Why this series came into being
The aurora borealis, or northern light, polar light, has for centuries been capable of spellbinding both lay and learned. The northernmost part of Norway lies within the auroral zone, where the spectacle occurs most frequently. In this region, a considerable amount of research into the aurora has been undertaken over the years. Publishing a series of digitized books from the history of auroral research was therefore a natural choice for the University Library of UiT The Arctic University of Norway. The first volumes in this series of digitized works with introductions were published in December 2016.
In Vardø, the Jesuit Maximilianus Hell set up a combined astronomical and geophysical observatory, which he used during the Venus Transit Expedition of 1768/69. At Bossekop (Alta), a French-Scandinavian team lead by Paul Gaimard (the La Recherche Expedition) conducted extensive research into the northern lights in 1838/39. Similar observational programmes were undertaken in Bossekop and Kautokeino/Guovdageaidnu during the first International Polar Year (1882/83). At the Haldde mountain peak outside Alta, observations started in the winter 1899/1900 and were soon followed up by the construction of a permanent mountain-top observatory, thanks to lobbying from physicist Kristian Birkeland amongst others.
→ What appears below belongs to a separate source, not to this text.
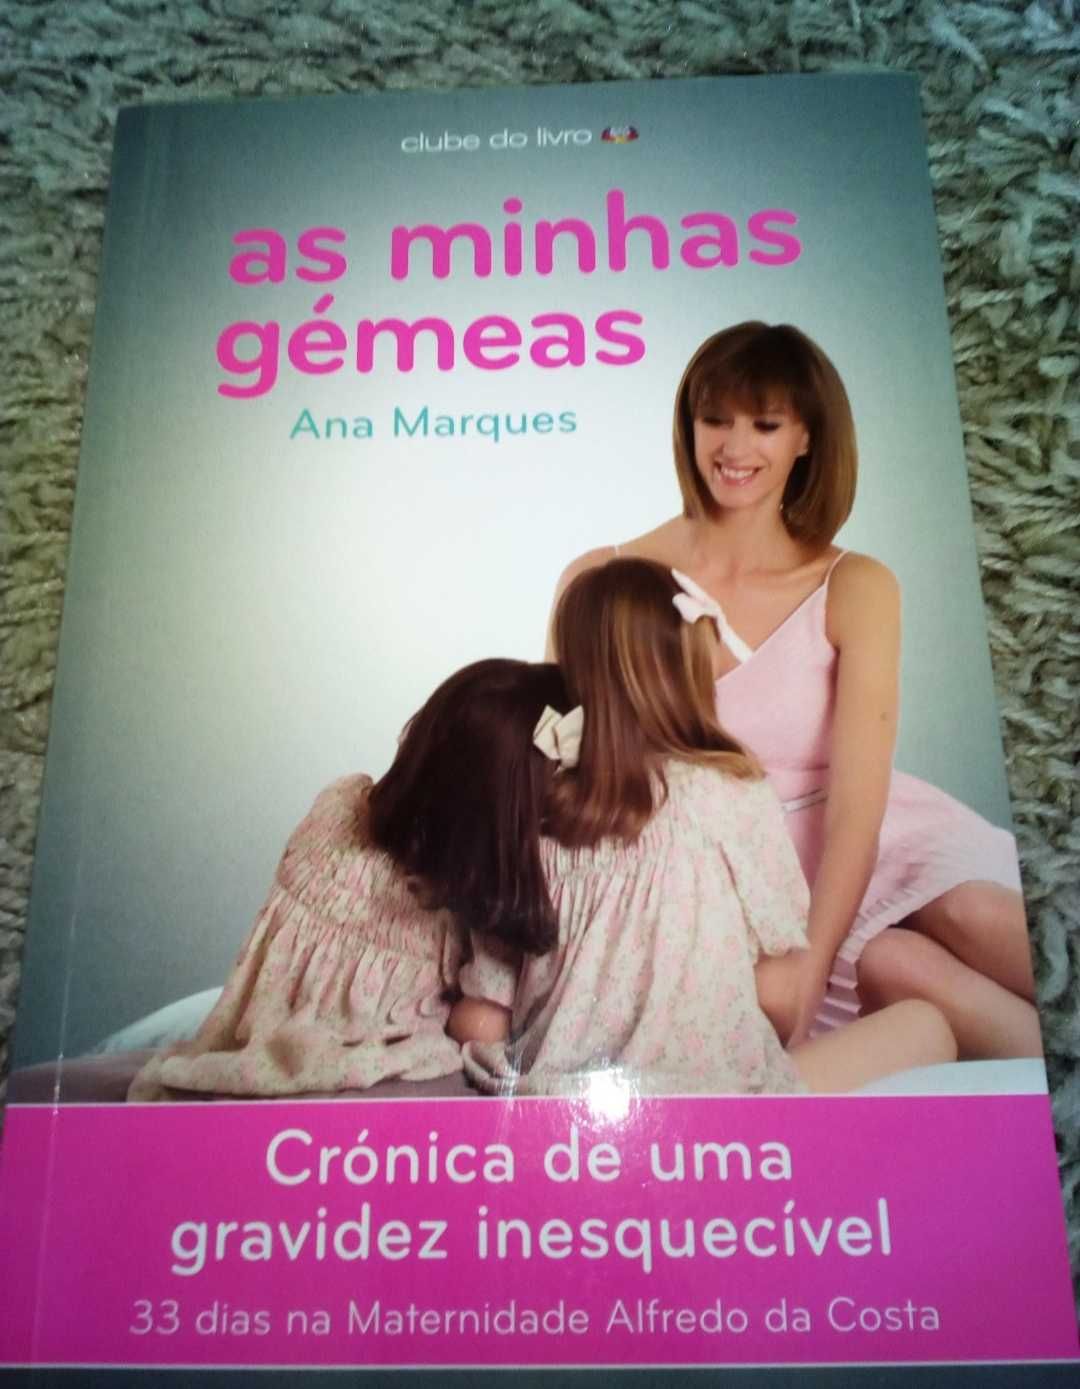 Livro "As minhas gémeas" da autora Ana Marques

By 1926, however, activity at Haldde had come to an end with the creation of a new institution on Tromsø Island, the Tromsø Geophysical Observatory. At the University of Tromsø (founded in 1968; since 2012 merged with several university colleges in the region and renamed UiT The Arctic University of Norway), auroral research has been a specialty from the very start. Tromsø Geophysical Observatory is nowadays included in the Department of Physics. A milestone in its history is the establishment in 1975 of EISCAT, or European Incoherent Scatter Scientific Association, with partners in France (until 2005), Britain, Germany, Sweden, and Finland from the start; later, even Japan and China have joined.
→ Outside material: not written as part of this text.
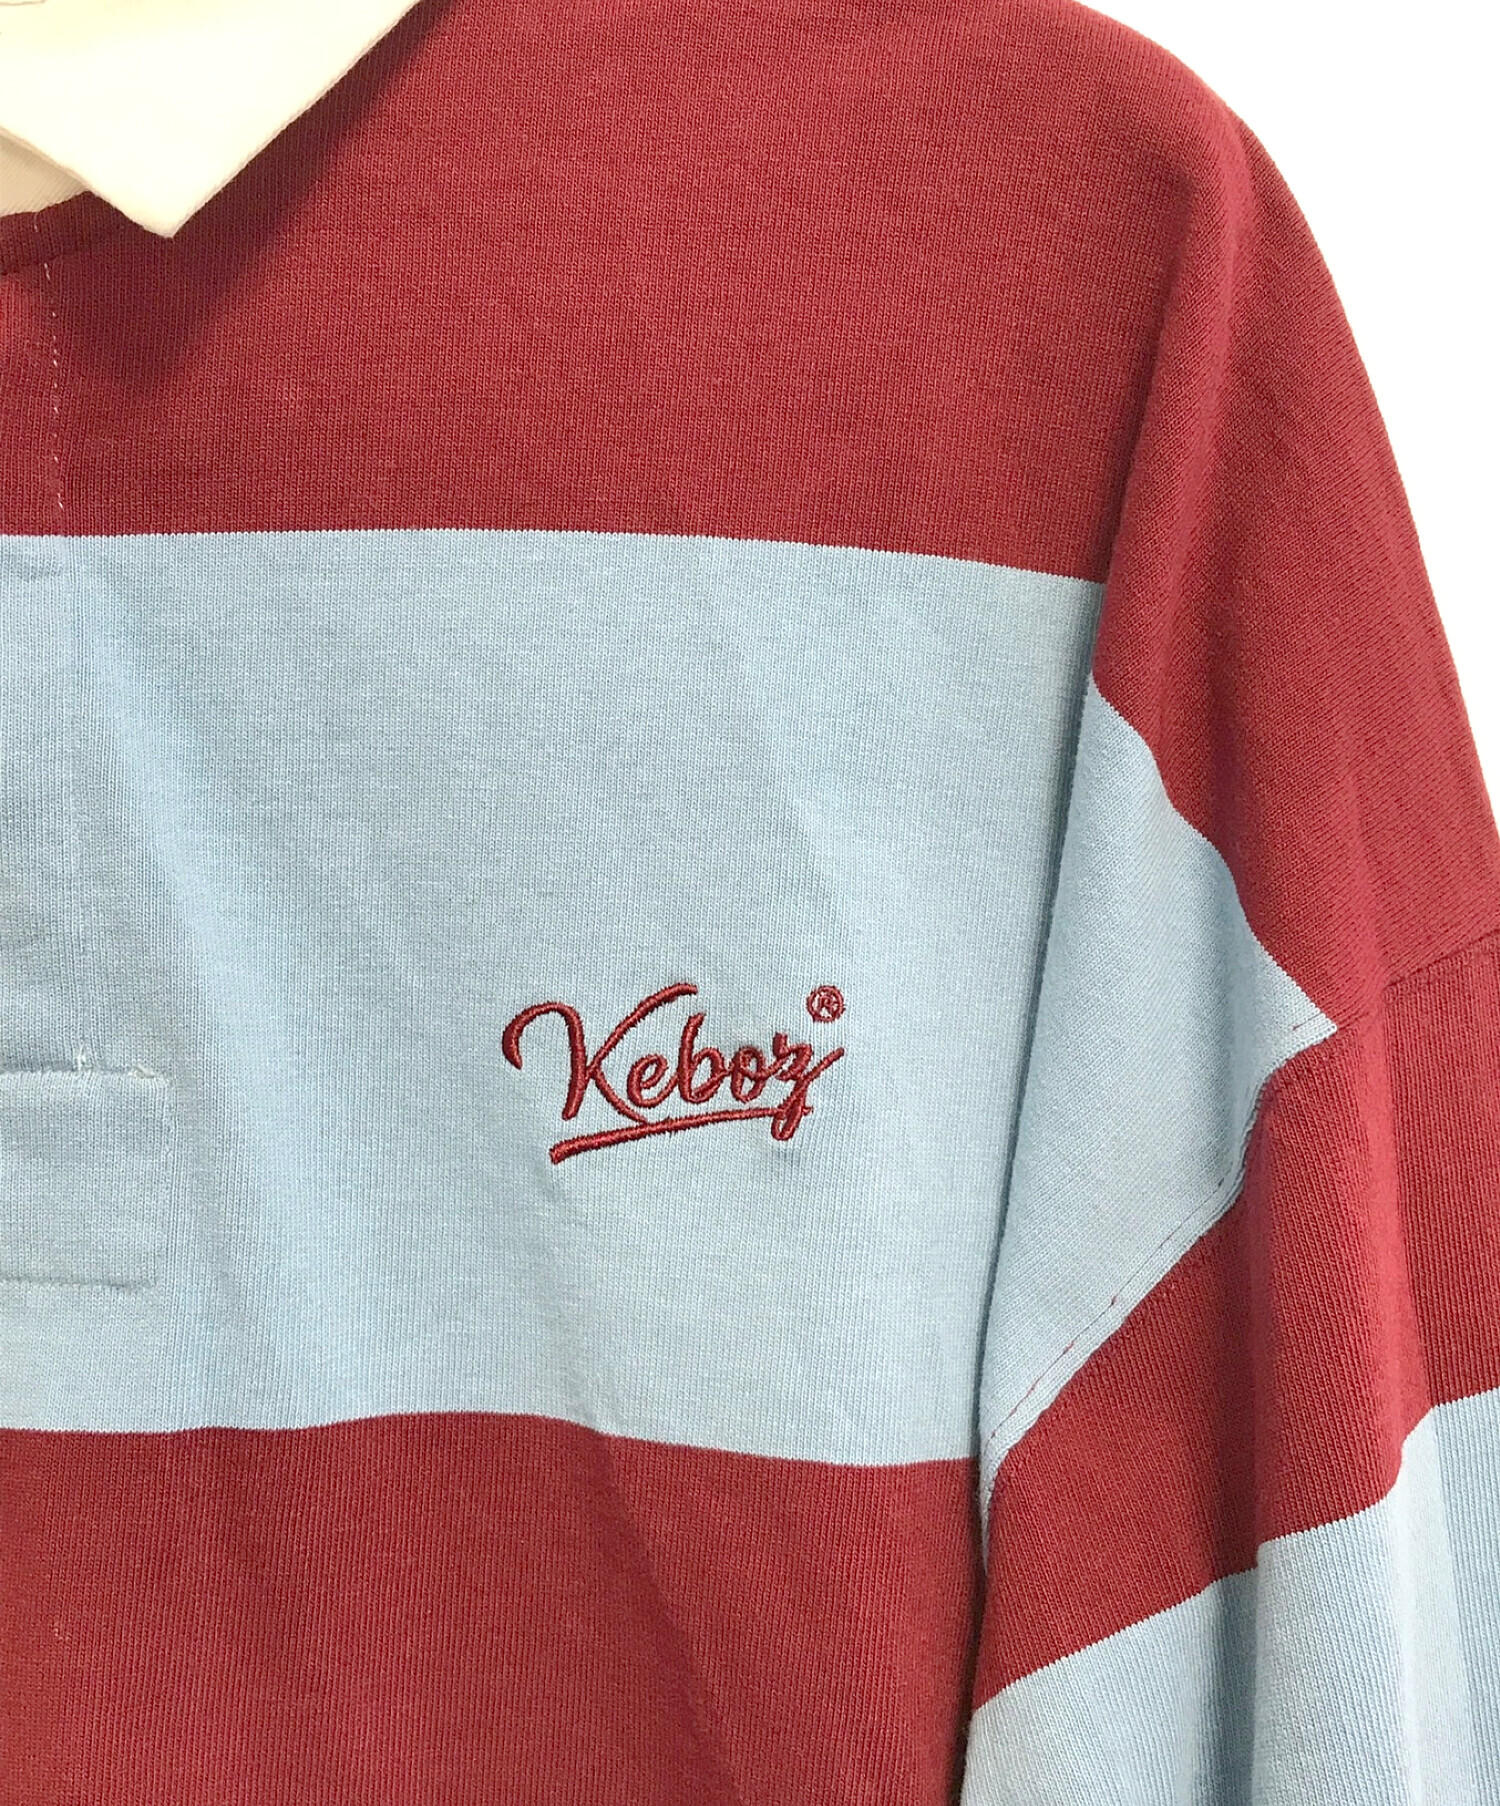 KEBOZ (ケボズ) ラガーシャツ ブルー サイズ:XXL

Research into the northern lights has always had a transnational dimension. Neither the history of auroral research, nor the spectacular phenomenon itself, belongs to any nation or region in particular. Since the dawn of the so-called Scientific Revolution in the early 1600s, attempts to explain the phenomenon in scientific terms have been put forward by Italians, French, Britons, Germans, Russians, Finns, Swedes, Danes, US Americans, and so forth. Theoretical discourses have also been highly interdisciplinary, with contributions from disciplines now known as meteorology, laboratory physics, geophysics, optics, et cetera. It is also a field where information provided by local populations, often indigenous peoples of the Arctic, has been taken seriously by scientists. Furthermore, images were of prime importance; depicting the aurora posed a challenge to artists and scientists alike. Illustrations thus became an important ingredient in scientific papers on the aurora; indeed, professional artists would often be assigned to collaborate with scientific crews in their efforts to ‘capture’ the fleeting phenomena in the skies.
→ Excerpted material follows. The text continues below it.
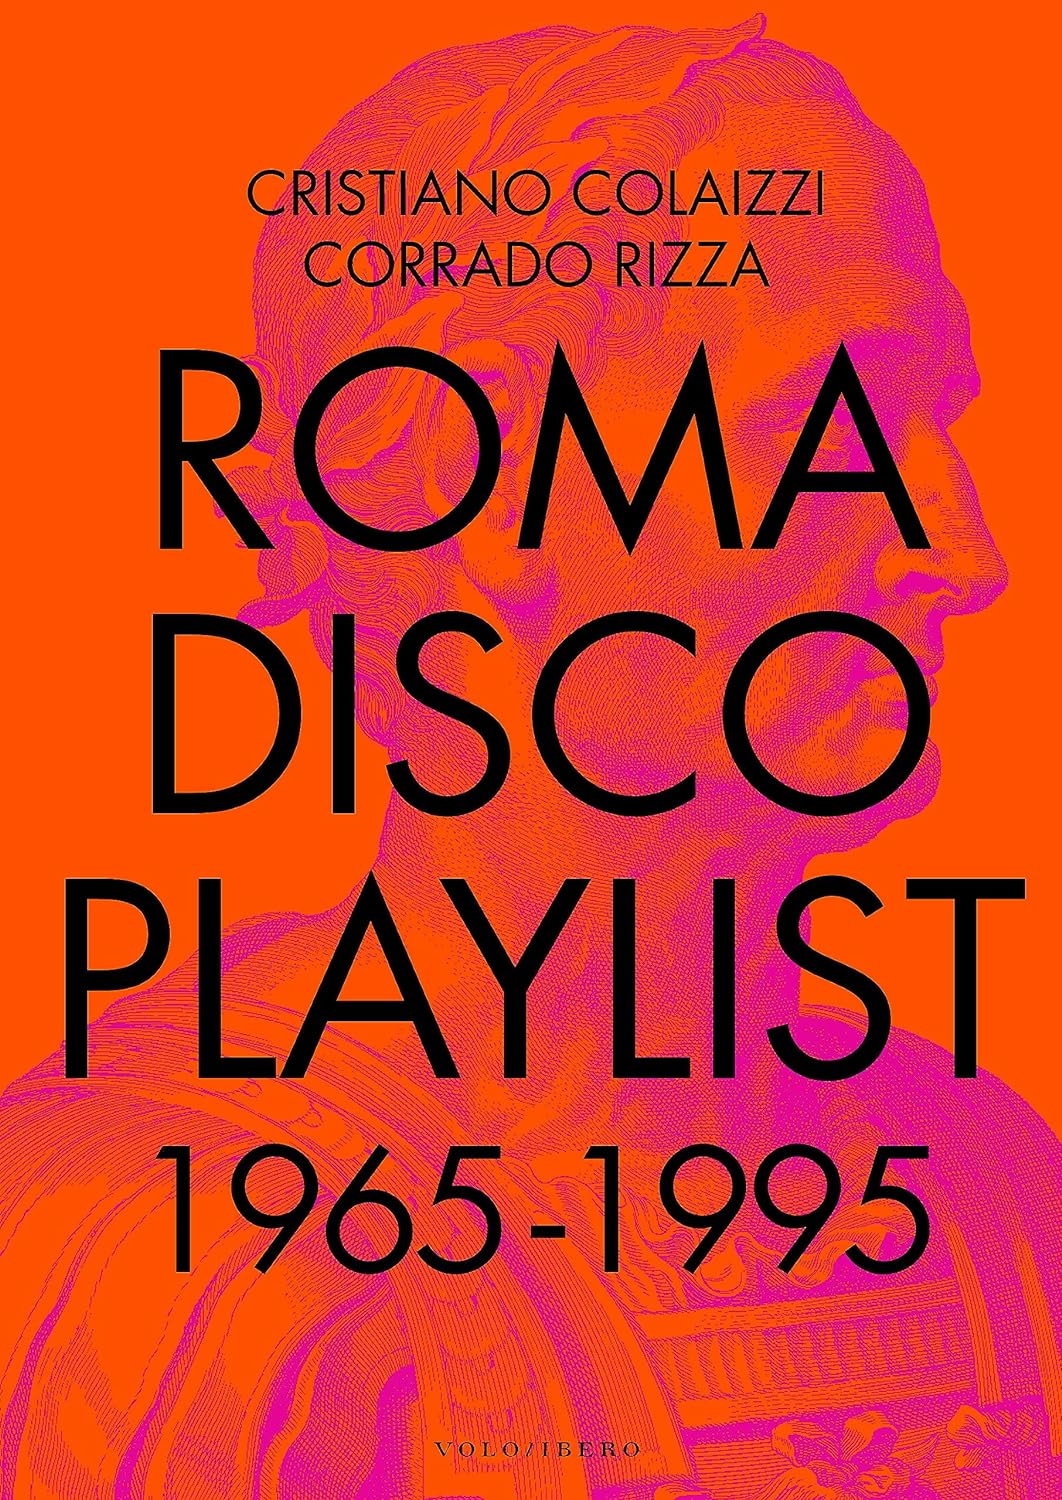 Roma Disco Playlist 1965 – 1995 di Cristiano Colaizzi e Corrado Rizza – Recensione

The series Aurorae Borealis Studia Classica views the history of northern lights research from the angle of books. Paying no heed to priorities of chronology, impact, beauty, or originality, a (more or less random) selection of historical attempts to explain the phenomenon will be presented in the form of digitized books, along with biographical introductions and summaries of contents made by contemporary scholars. The introductions and summaries are meant as guidelines for the reader. Whenever possible, the digitized originals have undergone OCR processing, meaning that the PDF's are searchable in fulltext. Please be advised that OCR, or optical character recognition technology is not entirely accurate; depending on the original, approximately 1–8 % of the words in a given text are likely to be wrongly interpreted by the software.